● **Instructions for the task**:
Beneath this task are records; print exactly the stretch of them from the line with "Chalkboard Menorah, $19" through the line with "Nicaragua Igrejas Cultura", both ends included.

● **Records**:
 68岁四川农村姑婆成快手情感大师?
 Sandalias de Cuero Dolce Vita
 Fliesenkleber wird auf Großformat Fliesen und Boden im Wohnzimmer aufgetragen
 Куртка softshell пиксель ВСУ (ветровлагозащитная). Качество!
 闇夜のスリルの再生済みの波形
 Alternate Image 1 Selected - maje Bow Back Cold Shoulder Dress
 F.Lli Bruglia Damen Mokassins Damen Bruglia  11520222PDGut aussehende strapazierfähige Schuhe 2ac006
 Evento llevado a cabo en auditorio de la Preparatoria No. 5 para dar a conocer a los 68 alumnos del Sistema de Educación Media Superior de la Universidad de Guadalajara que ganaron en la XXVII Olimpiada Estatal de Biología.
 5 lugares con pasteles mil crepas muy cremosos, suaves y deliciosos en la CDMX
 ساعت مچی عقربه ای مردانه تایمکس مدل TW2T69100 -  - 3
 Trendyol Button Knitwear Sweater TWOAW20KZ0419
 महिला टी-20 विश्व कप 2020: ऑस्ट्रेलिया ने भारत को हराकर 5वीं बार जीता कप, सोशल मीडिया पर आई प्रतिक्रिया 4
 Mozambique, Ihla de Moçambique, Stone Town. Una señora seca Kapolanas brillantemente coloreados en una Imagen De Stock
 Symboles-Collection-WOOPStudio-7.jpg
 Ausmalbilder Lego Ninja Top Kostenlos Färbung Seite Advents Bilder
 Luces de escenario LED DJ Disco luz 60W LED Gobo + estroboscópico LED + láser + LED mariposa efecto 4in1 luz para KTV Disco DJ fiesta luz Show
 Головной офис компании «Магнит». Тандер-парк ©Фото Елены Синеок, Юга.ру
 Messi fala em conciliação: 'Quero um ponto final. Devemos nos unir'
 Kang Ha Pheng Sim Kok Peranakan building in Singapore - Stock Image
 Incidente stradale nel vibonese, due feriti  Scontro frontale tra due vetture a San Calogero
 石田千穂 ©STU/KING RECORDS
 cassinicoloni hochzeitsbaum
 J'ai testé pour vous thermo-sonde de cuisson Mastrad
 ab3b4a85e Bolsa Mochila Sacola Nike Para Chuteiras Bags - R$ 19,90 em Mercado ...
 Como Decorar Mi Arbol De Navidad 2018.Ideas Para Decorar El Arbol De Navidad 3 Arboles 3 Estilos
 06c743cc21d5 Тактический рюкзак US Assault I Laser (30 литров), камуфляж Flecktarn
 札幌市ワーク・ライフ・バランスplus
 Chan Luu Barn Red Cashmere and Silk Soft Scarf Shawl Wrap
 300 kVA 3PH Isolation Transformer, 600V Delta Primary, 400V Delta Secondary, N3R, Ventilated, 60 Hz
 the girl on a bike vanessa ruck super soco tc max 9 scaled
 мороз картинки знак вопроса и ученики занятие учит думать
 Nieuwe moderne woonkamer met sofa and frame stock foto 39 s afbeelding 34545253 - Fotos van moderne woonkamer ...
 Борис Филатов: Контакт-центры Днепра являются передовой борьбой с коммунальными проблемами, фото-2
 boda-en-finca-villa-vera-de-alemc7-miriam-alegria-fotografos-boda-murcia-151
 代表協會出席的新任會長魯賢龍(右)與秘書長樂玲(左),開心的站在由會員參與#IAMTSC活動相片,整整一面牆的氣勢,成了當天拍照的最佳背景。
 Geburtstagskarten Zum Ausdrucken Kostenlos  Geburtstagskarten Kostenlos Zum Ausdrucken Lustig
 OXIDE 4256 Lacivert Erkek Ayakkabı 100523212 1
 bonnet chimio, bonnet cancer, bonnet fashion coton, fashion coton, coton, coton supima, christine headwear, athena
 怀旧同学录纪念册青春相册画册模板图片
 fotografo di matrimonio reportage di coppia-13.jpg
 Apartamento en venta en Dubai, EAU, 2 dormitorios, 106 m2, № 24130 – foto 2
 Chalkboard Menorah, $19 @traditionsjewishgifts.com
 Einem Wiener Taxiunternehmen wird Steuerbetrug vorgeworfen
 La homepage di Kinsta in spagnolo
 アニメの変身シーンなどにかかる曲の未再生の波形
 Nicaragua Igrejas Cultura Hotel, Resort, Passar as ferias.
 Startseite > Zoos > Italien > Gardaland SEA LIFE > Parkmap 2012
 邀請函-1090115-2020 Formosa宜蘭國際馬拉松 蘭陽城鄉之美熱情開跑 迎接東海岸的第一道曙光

● **The answer**:
 Chalkboard Menorah, $19 @traditionsjewishgifts.com
 Einem Wiener Taxiunternehmen wird Steuerbetrug vorgeworfen
 La homepage di Kinsta in spagnolo
 アニメの変身シーンなどにかかる曲の未再生の波形
 Nicaragua Igrejas Cultura Hotel, Resort, Passar as ferias.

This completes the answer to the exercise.